American Family Immigration History Center
If you’re among the 40 percent of Americans with an ancestor who came through Ellis Island, sail directly to this Web site. From 1892 to 1924, more than 22 million immigrants, passengers and crew members came through Ellis Island and the port of New York. Those ship manifests have been transcribed and are searchable here. In addition to seeing a digital copy of your ancestor’s name on a manifest, you can find photos of his or her ship. Copies of the official documents and photos may be purchased here. (See the June 2001 Family Tree Magazine for a complete guide to this site).
Immigrant Ships Transcribers Guild
The guild is a group of 500 volunteers who transcribe ship passenger lists, then post them online. To date, it’s recorded the lists of more than 4,000 ships. Use the on-site search engine to mine the five volumes of transcriptions.
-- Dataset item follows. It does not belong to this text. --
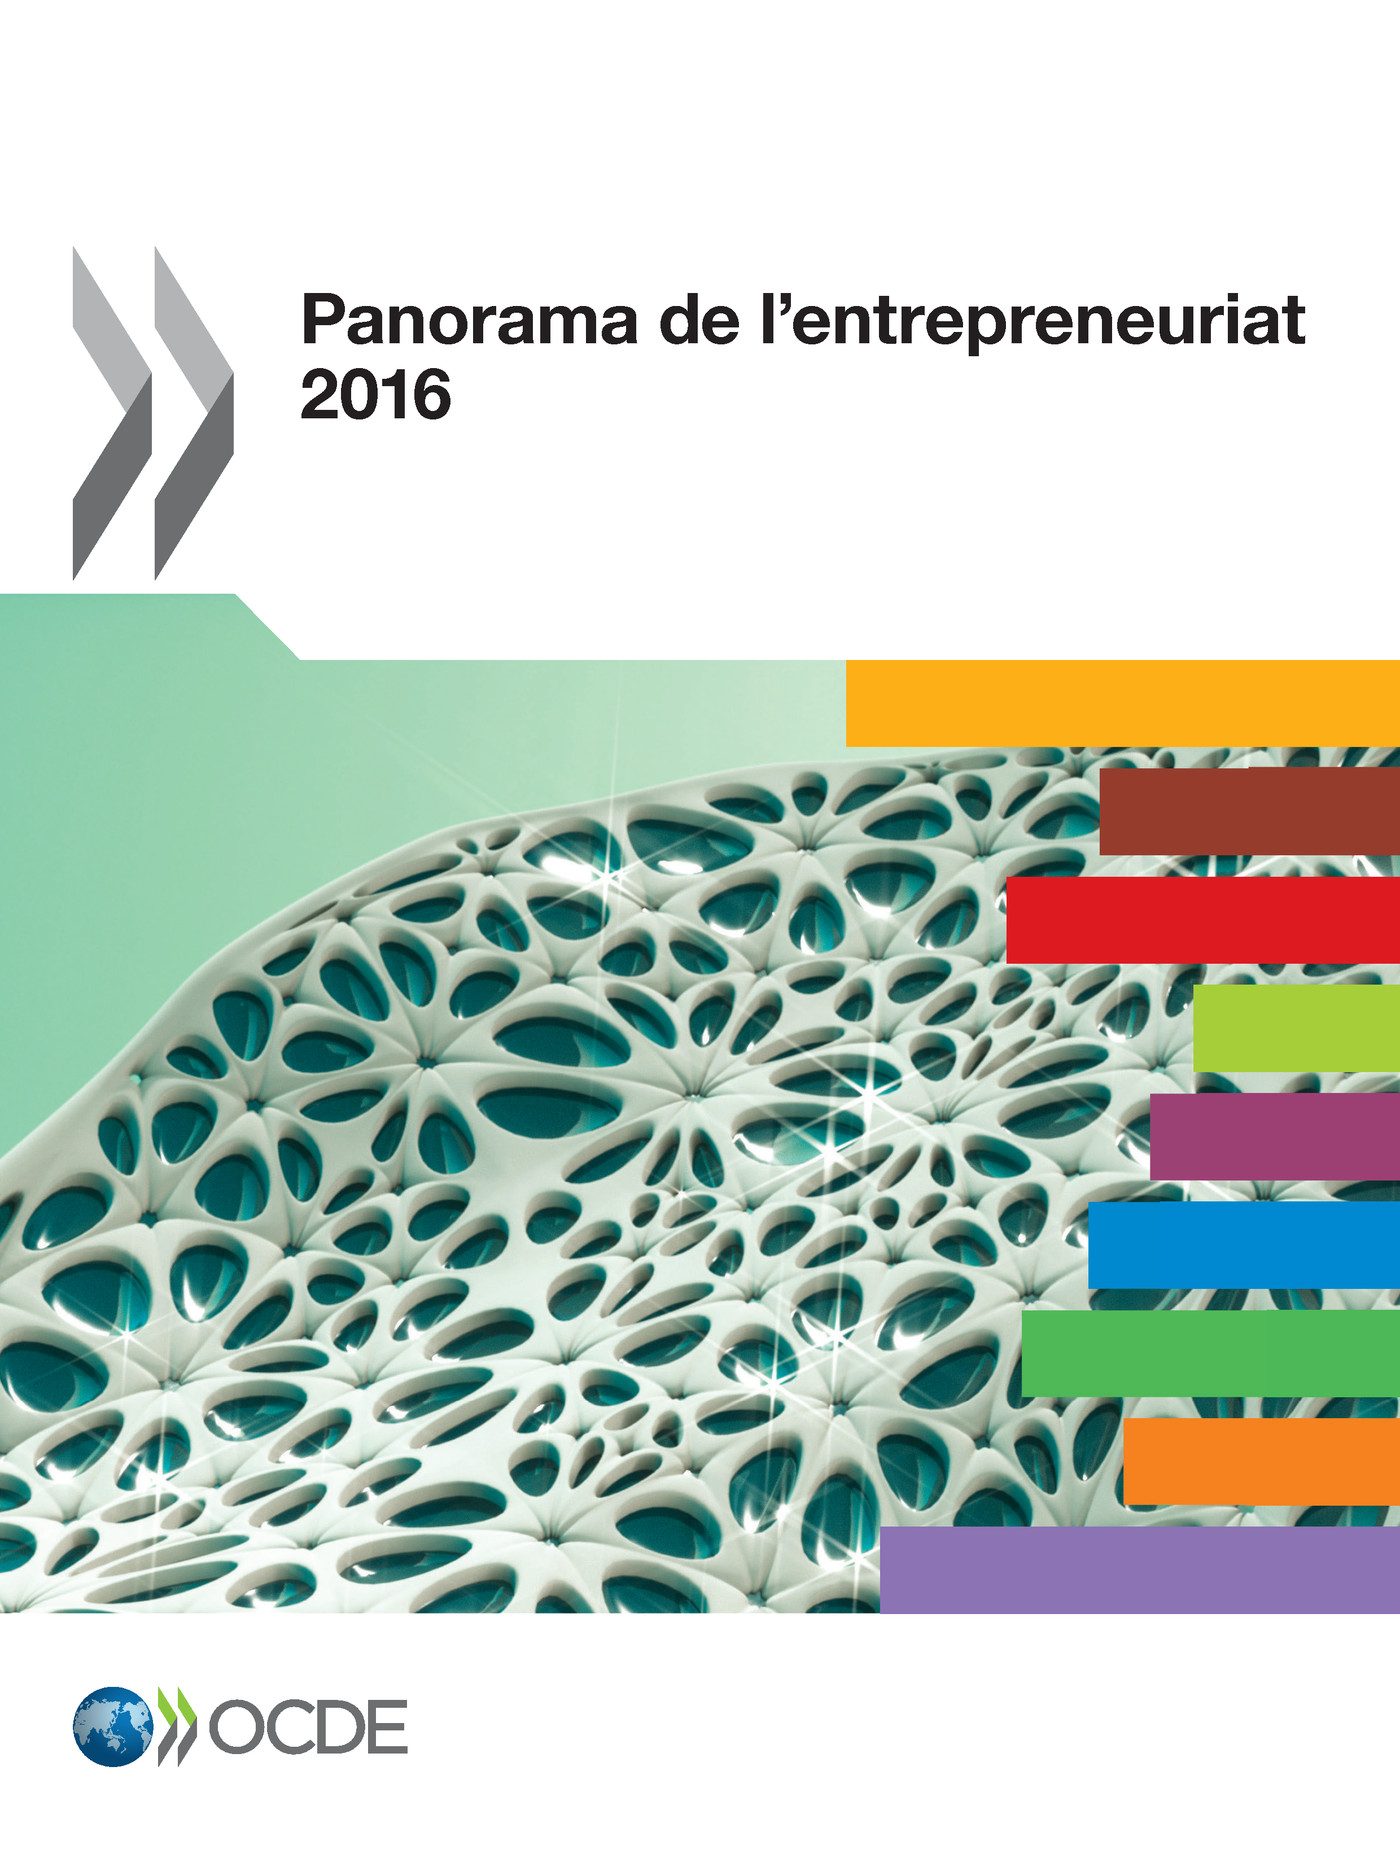 Panorama de l'entrepreneuriat 2016 -  Collectif - OCDE / OECD

Each volume is also indexed by surname, date, ship’s name and port of departure and arrival. Don’t miss the link to The Compass—a valuable resource for anyone researching immigrant ancestors.
Immigrants to Canada
Get a feel for the 19th-century Canadian immigrant experience through links to vessels and passenger lists, extracts of an 1887 immigration report on Scandinavian “colonization,” passenger accounts of voyages, immigrant handbooks and maps.
NARA’s introduction to immigration records spells out which passenger lists the archives has—and where to look for the ones it doesn’t. A port-by-port list provides details on 1800 to 1959 records, including how to order microfilms.